Description
Code Sample, a copy-pastable example if possible
import pandas as pd
#construct a toy example
data = {0:{'id':1, 'name': 'Foo', 'elements': {'a':1}},1:{'id':2, 'name': 'Bar', 'elements': {'b':2}},2:{'id':3, 'name': 'Baz', 'elements': {'c':3}}}
passing_series = pd.Series(data)
#testing the passing case
pd.io.json.json_normalize(passing_series)
Output:
Out[5]:
elements.a elements.b elements.c id name
0 1.0 NaN NaN 1 Foo
1 NaN 2.0 NaN 2 Bar
2 NaN NaN 3.0 3 Baz
#construct the failing case
failing_series = passing_series.copy()
failing_series.index = [1,2,3]
#testing the failing case
pd.io.json.json_normalize(failing_series)
Output:
---------------------------------------------------------------------------
KeyError Traceback (most recent call last)
<ipython-input-7-08797bc7d807> in <module>()
----> 1 pd.io.json.json_normalize(failing_series)
~/miniconda3/envs/uptodatepandas/lib/python3.5/site-packages/pandas/io/json/normalize.py in json_normalize(data, record_path, meta, meta_prefix, record_prefix, errors, sep)
190
191 if record_path is None:
--> 192 if any([isinstance(x, dict) for x in compat.itervalues(data[0])]):
193 # naive normalization, this is idempotent for flat records
194 # and potentially will inflate the data considerably for
~/miniconda3/envs/uptodatepandas/lib/python3.5/site-packages/pandas/core/series.py in __getitem__(self, key)

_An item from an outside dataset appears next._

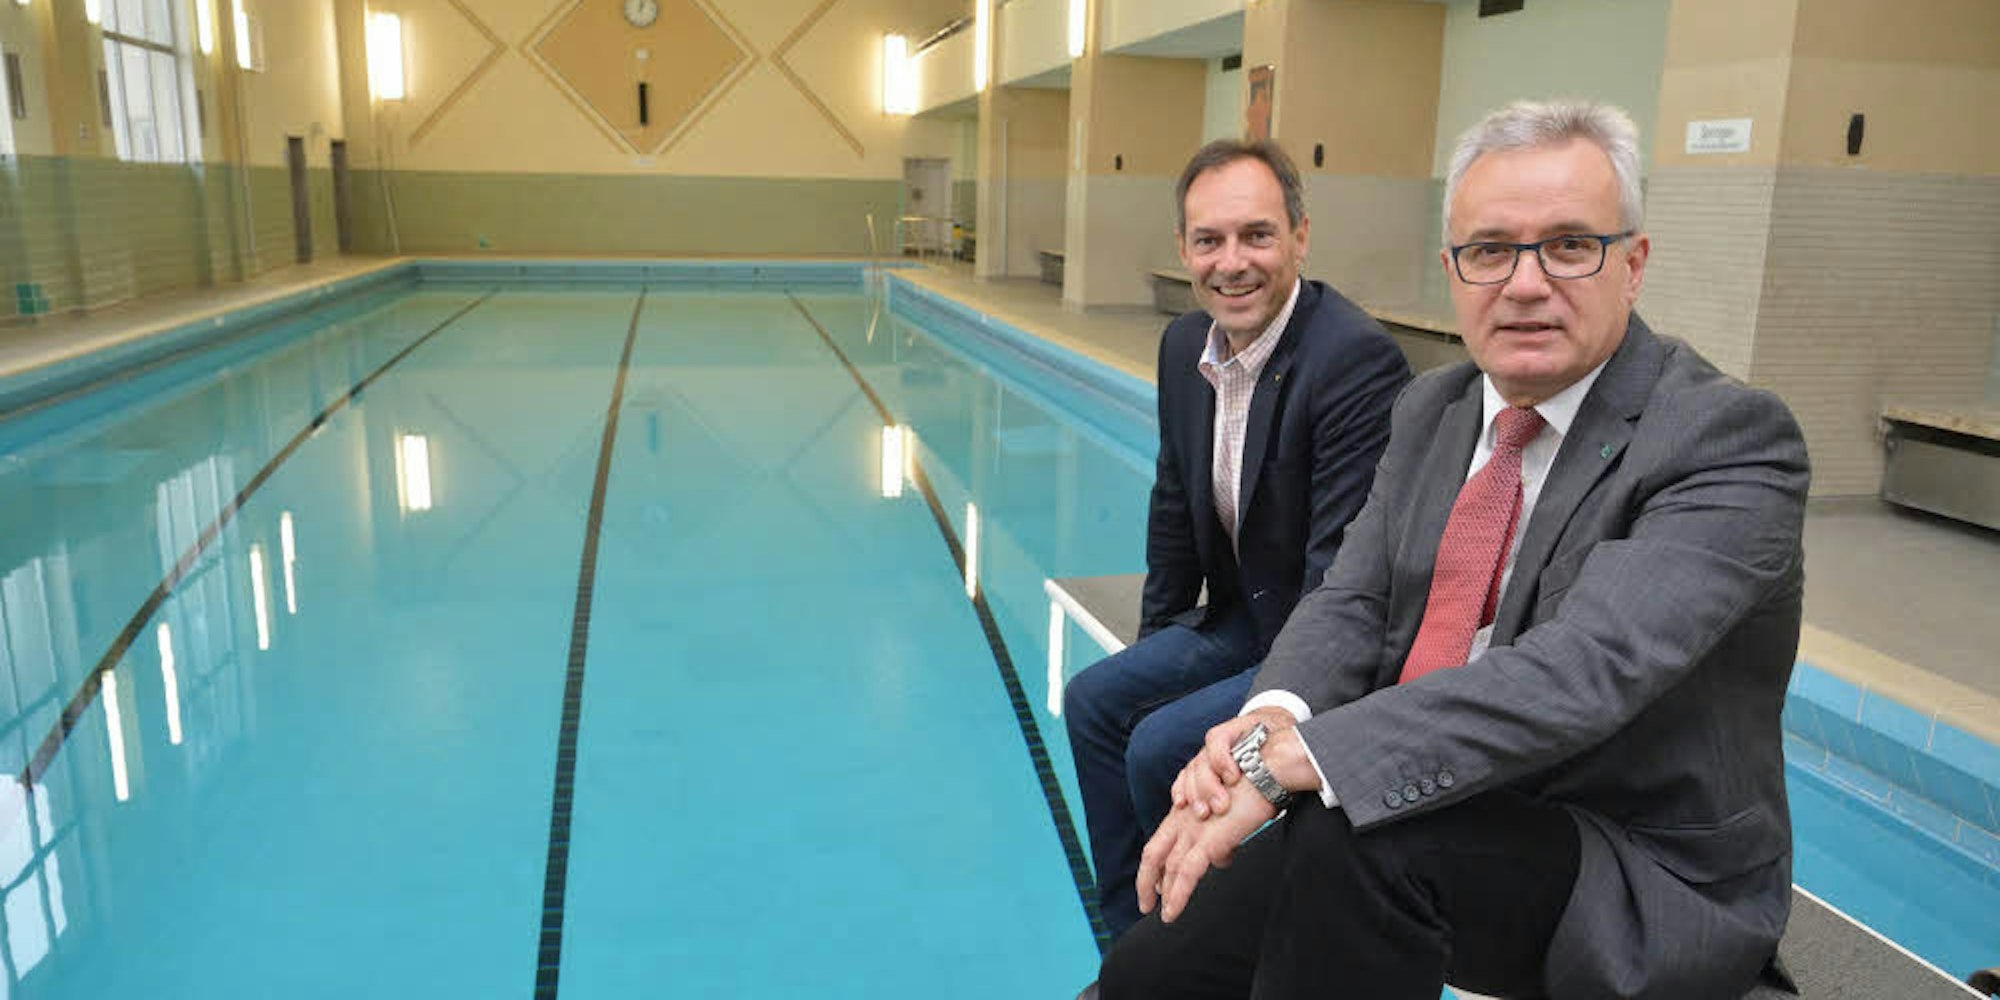 Die Geschäftsführer Manfred Habrunner und Bernd Martmann (v. l.) zeigen sich erleichtert über die Reparatur des Bades.
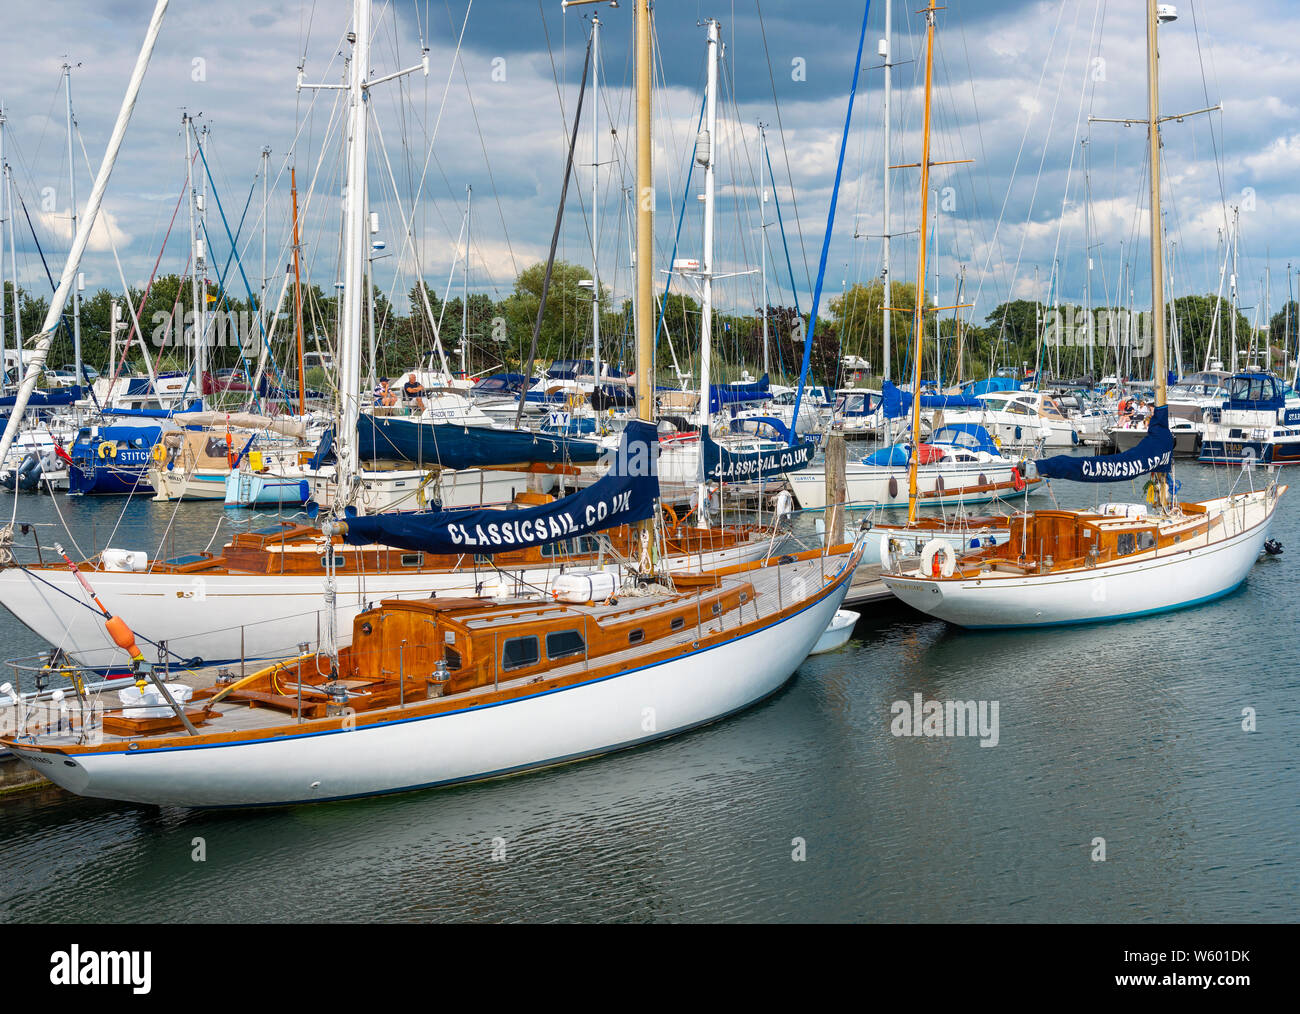 Traditionelle oder klassische Holz- segeln Boote in der Premier Marinas - Chichester Marina, Chichester Harbour, West Sussex, England, Großbritannien Stockfoto

621 key = com._apply_if_callable(key, self)
622 try:
--> 623 result = self.index.get_value(self, key)
624
625 if not is_scalar(result):
~/miniconda3/envs/uptodatepandas/lib/python3.5/site-packages/pandas/core/indexes/base.py in get_value(self, series, key)
2558 try:
2559 return self._engine.get_value(s, k,
-> 2560 tz=getattr(series.dtype, 'tz', None))
2561 except KeyError as e1:
2562 if len(self) > 0 and self.inferred_type in ['integer', 'boolean']:
pandas/_libs/index.pyx in pandas._libs.index.IndexEngine.get_value()
pandas/_libs/index.pyx in pandas._libs.index.IndexEngine.get_value()
pandas/_libs/index.pyx in pandas._libs.index.IndexEngine.get_loc()
pandas/_libs/hashtable_class_helper.pxi in pandas._libs.hashtable.Int64HashTable.get_item()
pandas/_libs/hashtable_class_helper.pxi in pandas._libs.hashtable.Int64HashTable.get_item()
KeyError: 0
Problem description
This is a bit of a stretch for this function, which calls for a dict or list of dicts, but generally json_normalize
works just fine for Pandas Series. The exception, of course, being Series without a record whose index value is 0. The reason for this error is pretty obvious--line 192 of pandas/io/json/normalize.py
attempts to get the first item from the passed data
parameter with []
indexing. (i.e. if any([isinstance(x, dict) for x in compat.itervalues(data[0])]):
)
Expected Output
Either an error for passing an invalid input type (not ideal), or just work correctly if passed a Series by checking the first record in a way that is compatible with Series as well as the standard (list). It seems like an improvement that would be pretty trivial to implement.
Output of pd.show_versions()
[paste the output of pd.show_versions()
here below this line]
pd.show_versions()
INSTALLED VERSIONS
commit: None
python: 3.5.3.final.0
python-bits: 64
OS: Darwin
OS-release: 17.3.0
machine: x86_64
processor: i386
byteorder: little
LC_ALL: None
LANG: en_US.UTF-8
LOCALE: en_US.UTF-8
pandas: 0.22.0
pytest: 3.2.1
pip: 9.0.1
setuptools: 36.4.0
Cython: 0.26
numpy: 1.13.1
scipy: 0.19.1
pyarrow: None
xarray: None
IPython: 6.1.0
sphinx: None
patsy: 0.4.1
dateutil: 2.6.1
pytz: 2017.2
blosc: None
bottleneck: None
tables: None
numexpr: None
feather: None
matplotlib: 2.0.2
openpyxl: None
xlrd: None
xlwt: None
xlsxwriter: None
lxml: None
bs4: None
html5lib: 0.9999999
sqlalchemy: 1.1.5
pymysql: 0.7.9.None
psycopg2: 2.7.1 (dt dec pq3 ext lo64)
jinja2: 2.9.6
s3fs: 0.1.2
fastparquet: 0.1.0
pandas_gbq: None
pandas_datareader: None